Stata program to scan for personally identifiable information (PII)
This file will scan all .dta files within a directory and all of its subdirectories for potential PII. A list of potential PII is saved to pii_stata_output.xlsx.
Potential PII includes the following:
- Variables with names or labels containing any of the strings in the search strings list (see below)
- String variables with lengths greater than 3 (or the user-defined value)
- Encoded variables (i.e. those with value labels or those created with the "encode" command) where the value labels have lengths greater than 3
Note the .ado file can be used in place of the .do file if the user prefers.
address, bday, beneficiary, birth, block, census, child, city, community, compound, coord, country, degree, district, dob, daughter, email, father, fax, gender, gps, house, husband, lat, loc, location, lon, minute, mother, municipality, name, network, panchayat, parish, phone, precinct, school, second, sex, social, son, spouse, street, subcountry, territory, url, village, wife, zip
pii_scan "path of directory to scan" [, options]

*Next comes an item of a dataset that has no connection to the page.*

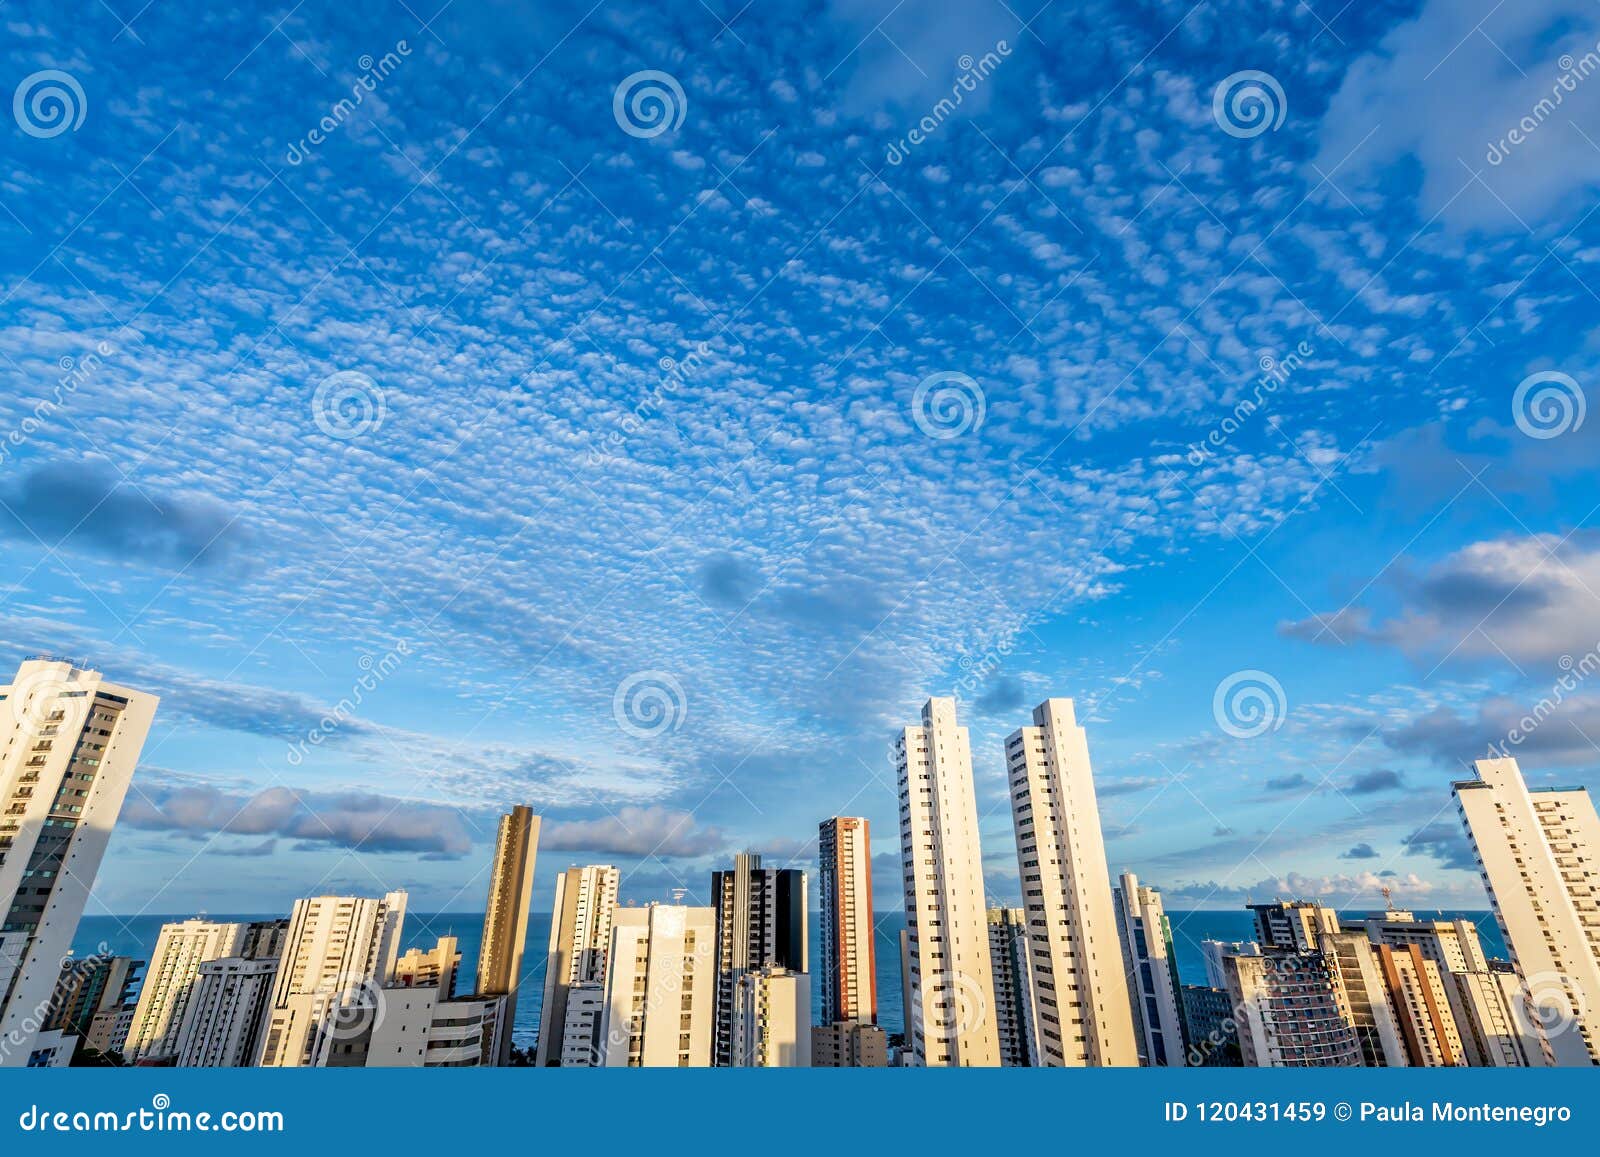 skyline buildings in a blue sky day at boa viagem beach, recife, pernambuco, brazil

- remove_search_list(string): remove strings from the search list
- add_search_list(string): add strings to the search list
- ignore_varname(string): do not flag variables with any of these strings in the variable name
- string_length(#): length of string variables to flag (default is 3)
- samples(#): number of samples to write to output file (default is 5)
pii_scan "C:/Documents/PII_Scan", remove_search_list(lat lon zip) add_search_list(q15) ignore_varname(Not_PII_Name) string_length(5) samples(10)
- remove_search_list(lat lon zip) removes lat, lon, and zip from list of strings to search for
- add_search_list(q15) adds q15 to list of strings to search for
- ignore_varname(Not_PII_Name) tells the program not to flag any variables with the string "Not_PII_Name" in the variable name (not sensitive to case)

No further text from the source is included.